ECLI:NL:CBB:2022:195
College van Beroep voor het bedrijfsleven
- Eerste aanleg - enkelvoudig
- Rechtspraak.nl
Beroep tegen afkeuring van subsidiabele landbouwgrond en berekening van GLB-betalingen
In deze zaak heeft het College van Beroep voor het bedrijfsleven op 26 april 2022 uitspraak gedaan in een geschil tussen een appellant en de minister van Landbouw, Natuur en Voedselkwaliteit. De appellant had bezwaar gemaakt tegen de afkeuring van delen van zijn percelen als subsidiabele landbouwgrond in het kader van de Uitvoeringsregeling rechtstreekse betalingen GLB. Het primaire besluit van 22 december 2020 had de uitbetaling van de basis- en vergroeningsbetaling vastgesteld, maar de minister had delen van de opgegeven percelen afgekeurd omdat deze niet voldeden aan de eisen voor subsidiabiliteit. De appellant voerde aan dat de afgekeurde delen wel degelijk in gebruik waren als blijvend grasland en dat de minister ten onrechte een korting had toegepast op de uitbetaling.

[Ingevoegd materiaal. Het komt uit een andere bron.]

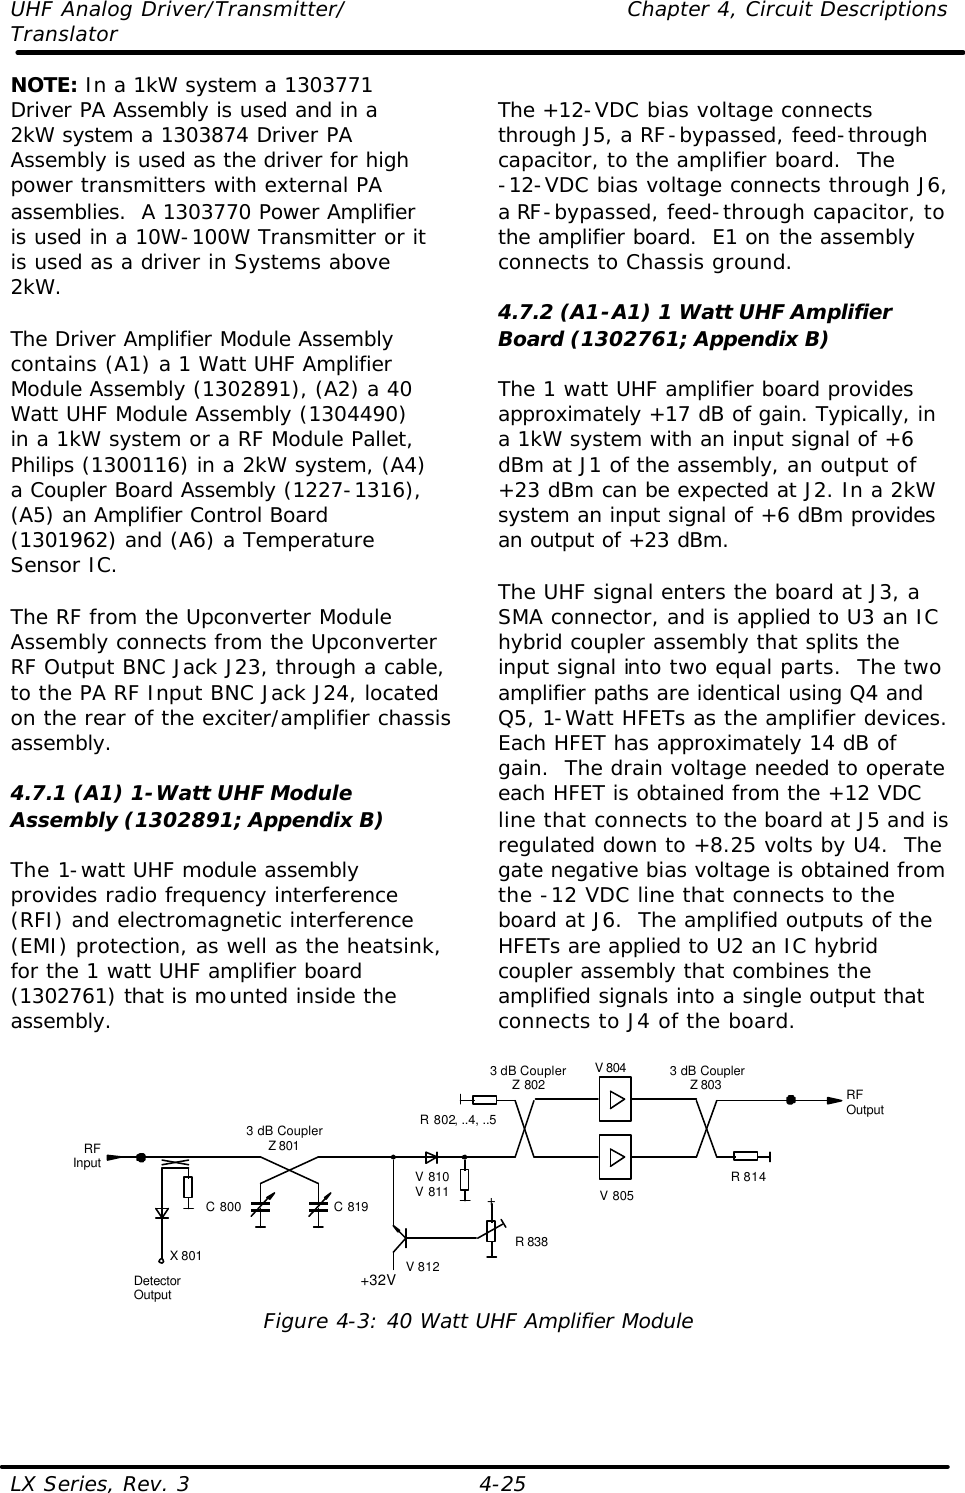 UHF Analog Driver/Transmitter/    Chapter 4, Circuit Descriptions Translator  LX Series, Rev. 3    4-25 NOTE: In a 1kW system a 1303771 Driver PA Assembly is used and in a 2kW system a 1303874 Driver PA Assembly is used as the driver for high power transmitters with external PA assemblies.  A 1303770 Power Amplifier is used in a 10W-100W Transmitter or it is used as a driver in Systems above 2kW.  The Driver Amplifier Module Assembly contains (A1) a 1 Watt UHF Amplifier Module Assembly (1302891), (A2) a 40 Watt UHF Module Assembly (1304490) in a 1kW system or a RF Module Pallet, Philips (1300116) in a 2kW system, (A4) a Coupler Board Assembly (1227-1316), (A5) an Amplifier Control Board (1301962) and (A6) a Temperature Sensor IC.  The RF from the Upconverter Module Assembly connects from the Upconverter RF Output BNC Jack J23, through a cable, to the PA RF Input BNC Jack J24, located on the rear of the exciter/amplifier chassis assembly.  4.7.1 (A1) 1-Watt UHF Module Assembly (1302891; Appendix B)  The 1-watt UHF module assembly provides radio frequency interference (RFI) and electromagnetic interference (EMI) protection, as well as the heatsink, for the 1 watt UHF amplifier board (1302761) that is mounted inside the assembly.   The +12-VDC bias voltage connects through J5, a RF-bypassed, feed-through capacitor, to the amplifier board.  The  -12-VDC bias voltage connects through J6, a RF-bypassed, feed-through capacitor, to the amplifier board.  E1 on the assembly connects to Chassis ground.  4.7.2 (A1-A1) 1 Watt UHF Amplifier Board (1302761; Appendix B)  The 1 watt UHF amplifier board provides approximately +17 dB of gain. Typically, in a 1kW system with an input signal of +6 dBm at J1 of the assembly, an output of +23 dBm can be expected at J2. In a 2kW system an input signal of +6 dBm provides an output of +23 dBm.  The UHF signal enters the board at J3, a SMA connector, and is applied to U3 an IC hybrid coupler assembly that splits the input signal into two equal parts.  The two amplifier paths are identical using Q4 and Q5, 1-Watt HFETs as the amplifier devices.  Each HFET has approximately 14 dB of gain.  The drain voltage needed to operate each HFET is obtained from the +12 VDC line that connects to the board at J5 and is regulated down to +8.25 volts by U4.  The gate negative bias voltage is obtained from the -12 VDC line that connects to the board at J6.  The amplified outputs of the HFETs are applied to U2 an IC hybrid coupler assembly that combines the amplified signals into a single output that connects to J4 of the board.  V 805V 8043 dB CouplerZ 801RFOutputRFInput R 814R 802, ..4, ..5C 800 C 819DetectorOutputX 801+32V+R 838V 810V 811V 8123 dB CouplerZ 802 3 dB CouplerZ 803 Figure 4-3: 40 Watt UHF Amplifier Module

Tijdens de zitting op 11 maart 2022 heeft de gemachtigde van de appellant, J.J. Bongers, de argumenten toegelicht. Het College heeft de argumenten van de appellant beoordeeld en geconcludeerd dat de afgekeurde delen van de percelen inderdaad niet als subsidiabele landbouwgrond konden worden aangemerkt. De minister had de oppervlakte van de percelen correct vastgesteld en de korting op de uitbetaling was terecht toegepast. Het College heeft de beroepsgrond van de appellant verworpen en het beroep ongegrond verklaard. De uitspraak benadrukt de noodzaak om te voldoen aan de voorwaarden voor subsidiabiliteit van landbouwgrond in het kader van het GLB.
De uitspraak is openbaar uitgesproken en de beslissing is genomen door mr. A. Venekamp, met mr. M.R. Broeze als griffier. Er is geen aanleiding voor een proceskostenveroordeling.